## DIRECTIONS
The output must consist only of the lines from the one with "american flag wallpaper" through the end of the listing, restated exactly and free of pictures.

## SOURCE DATA
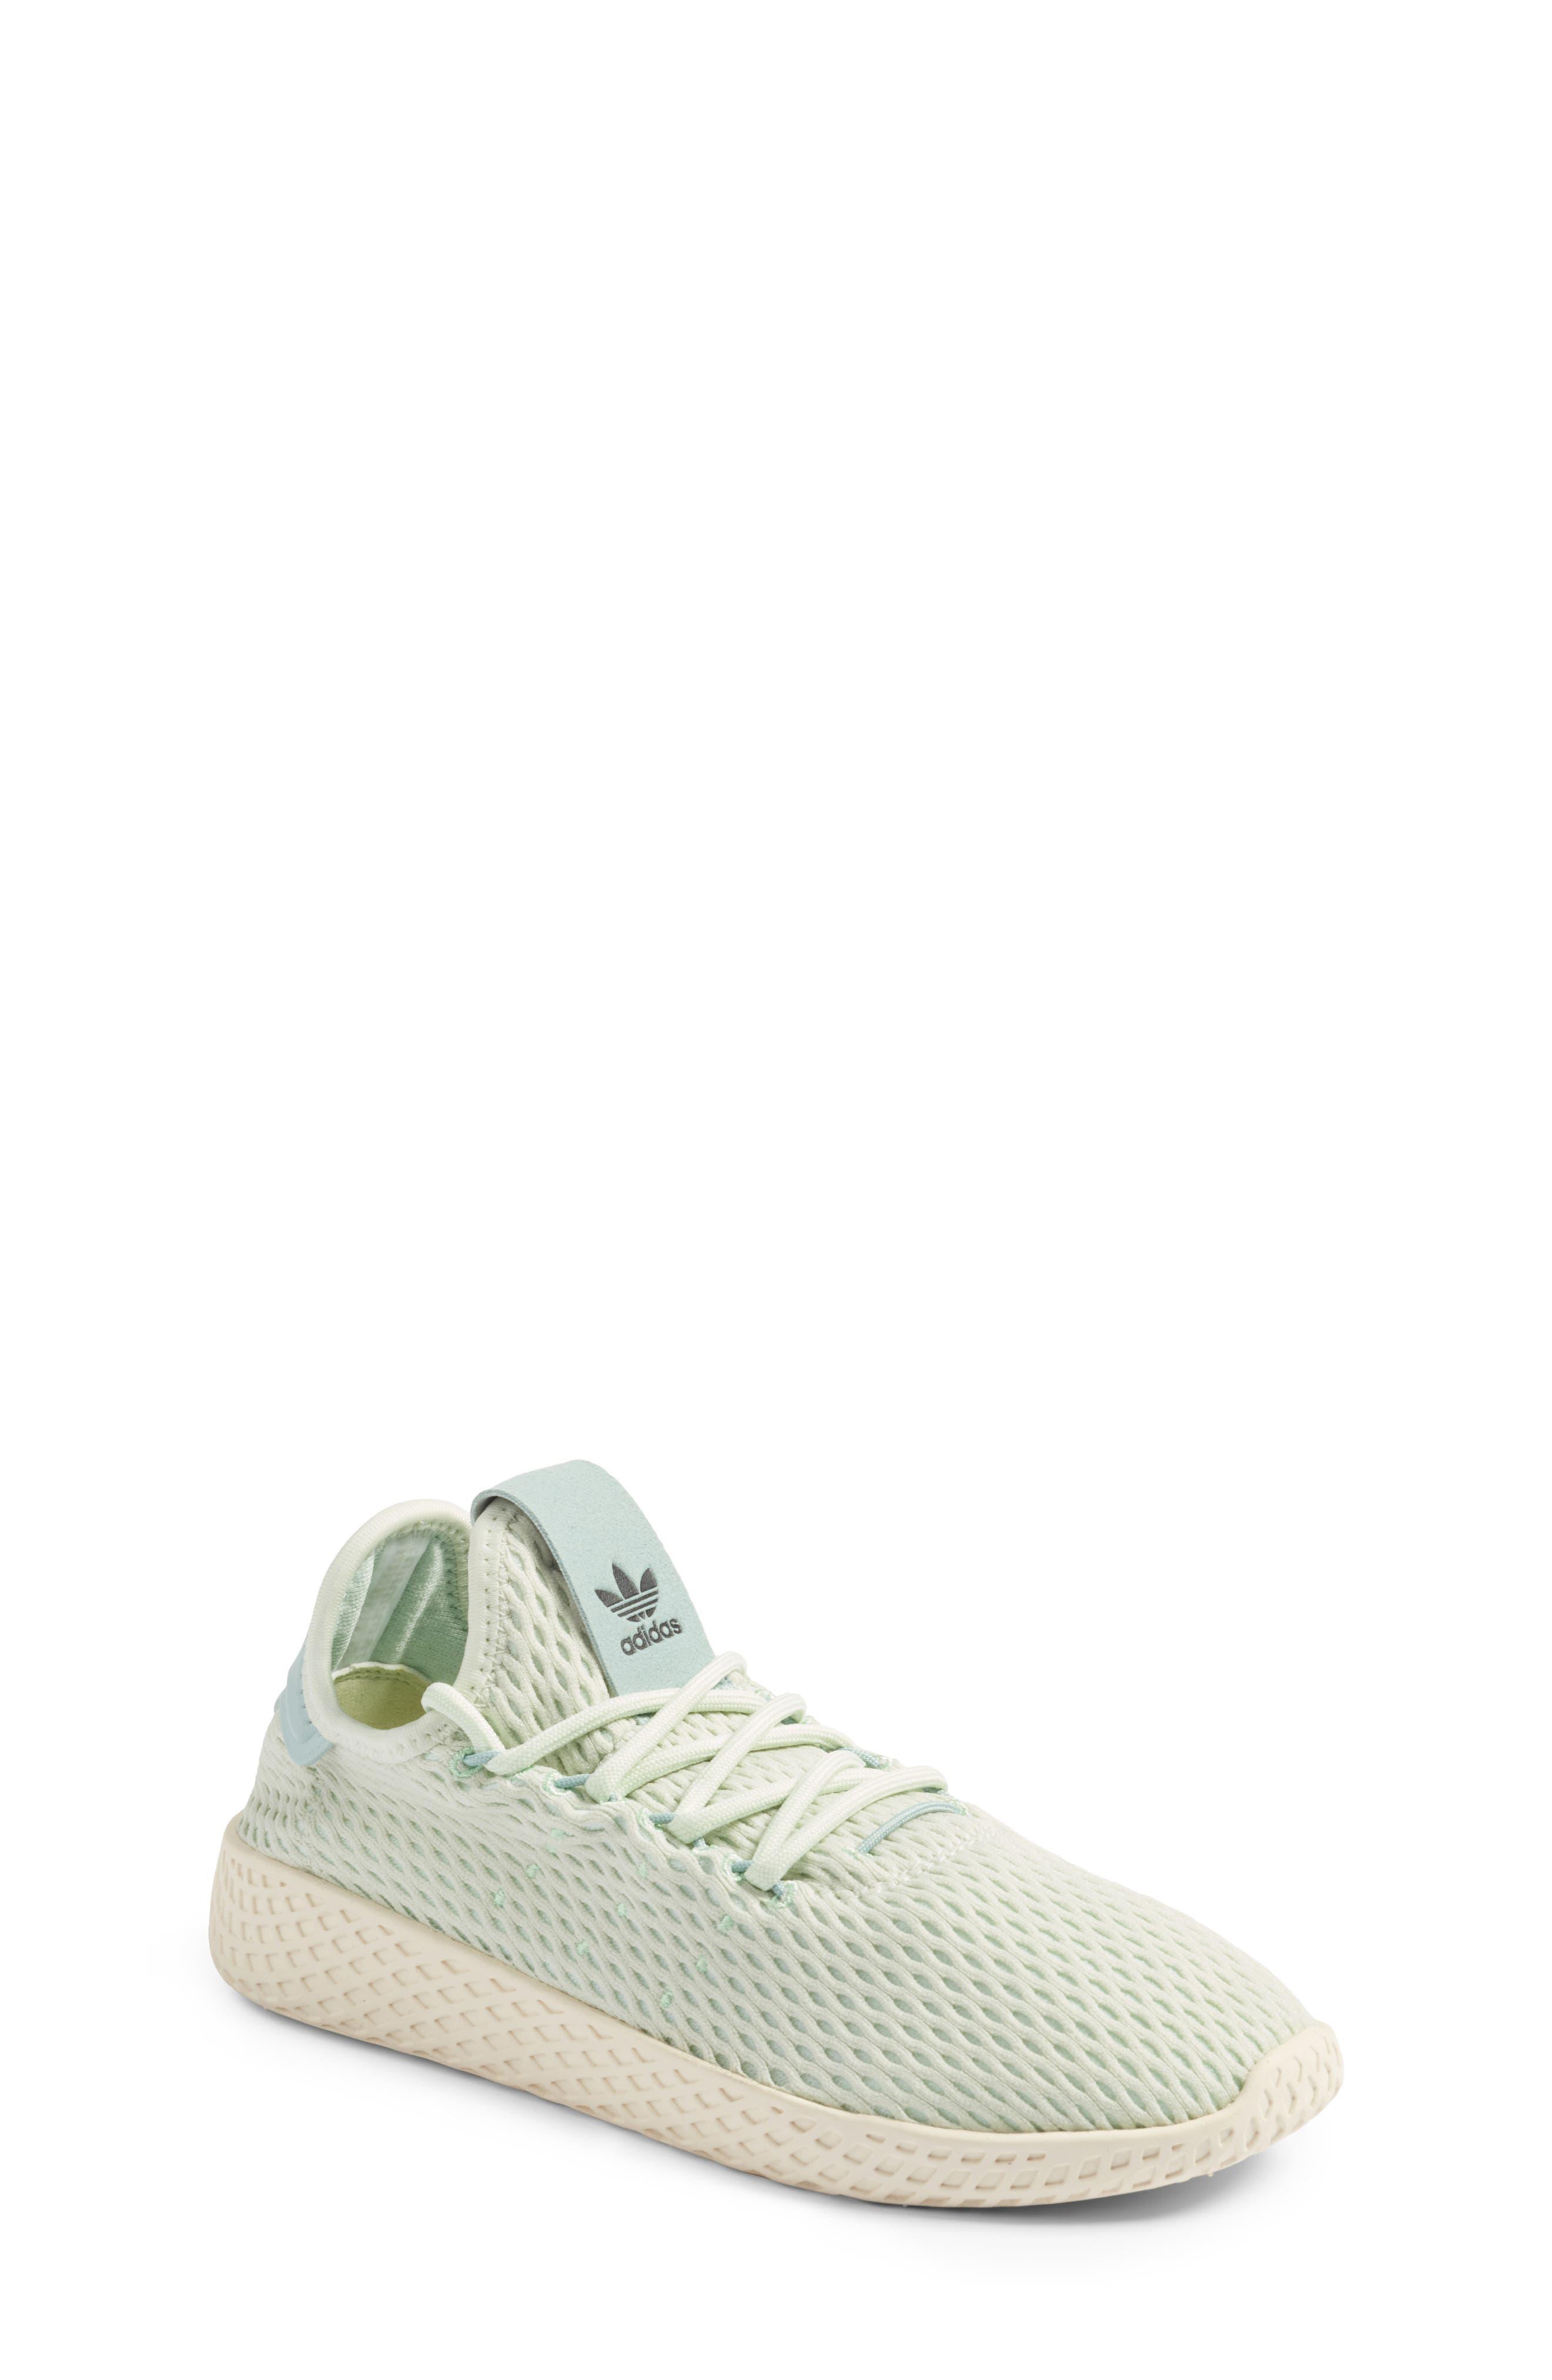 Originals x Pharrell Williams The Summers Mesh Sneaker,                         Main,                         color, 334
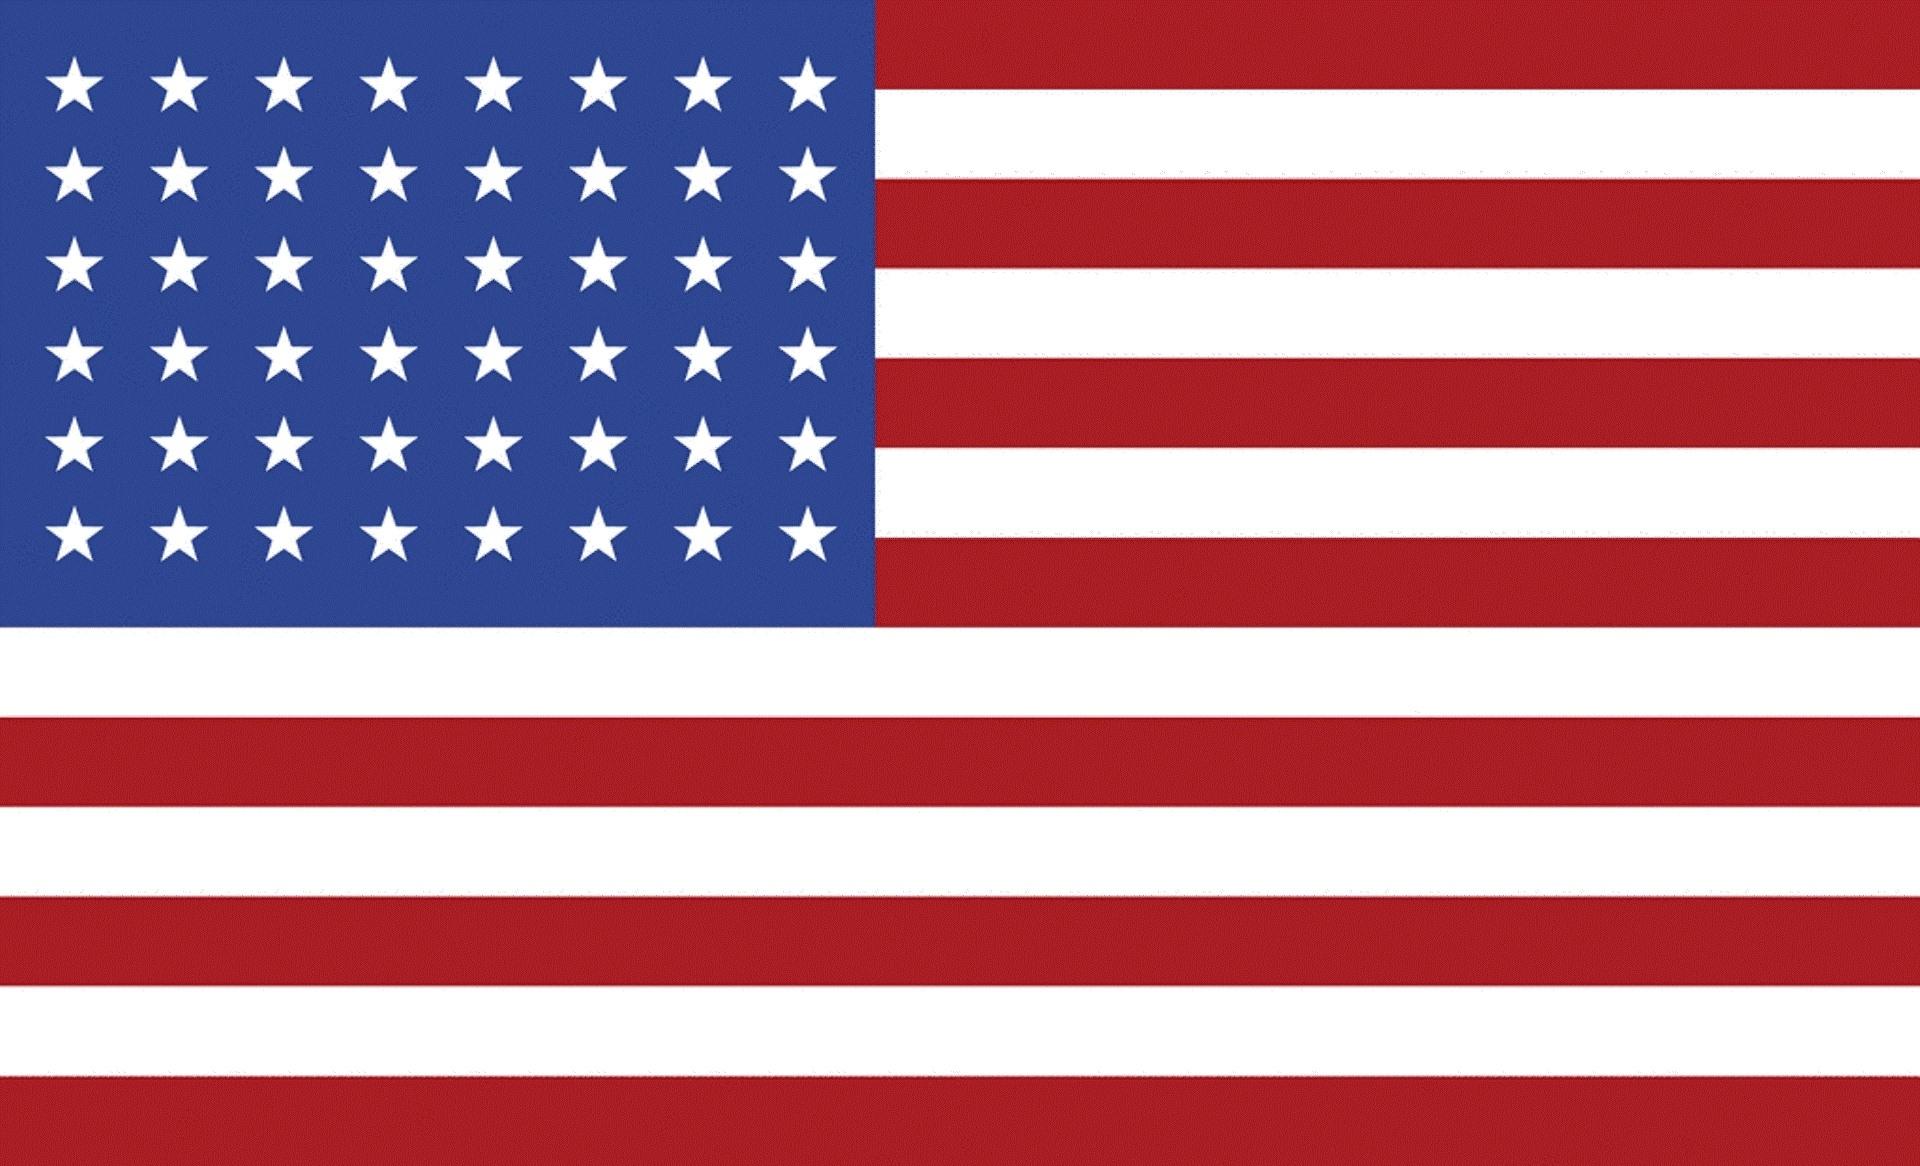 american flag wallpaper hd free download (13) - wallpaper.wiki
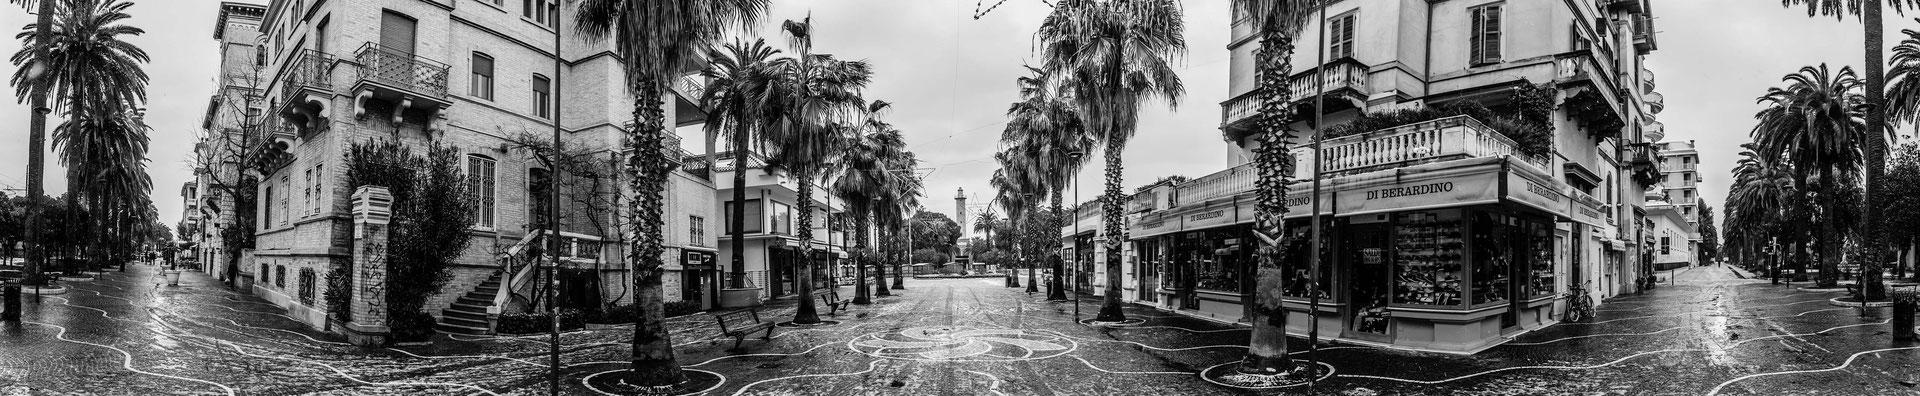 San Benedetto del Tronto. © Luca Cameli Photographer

## ANSWER BOX
 american flag wallpaper hd free download (13) - wallpaper.wiki
 San Benedetto del Tronto. © Luca Cameli Photographer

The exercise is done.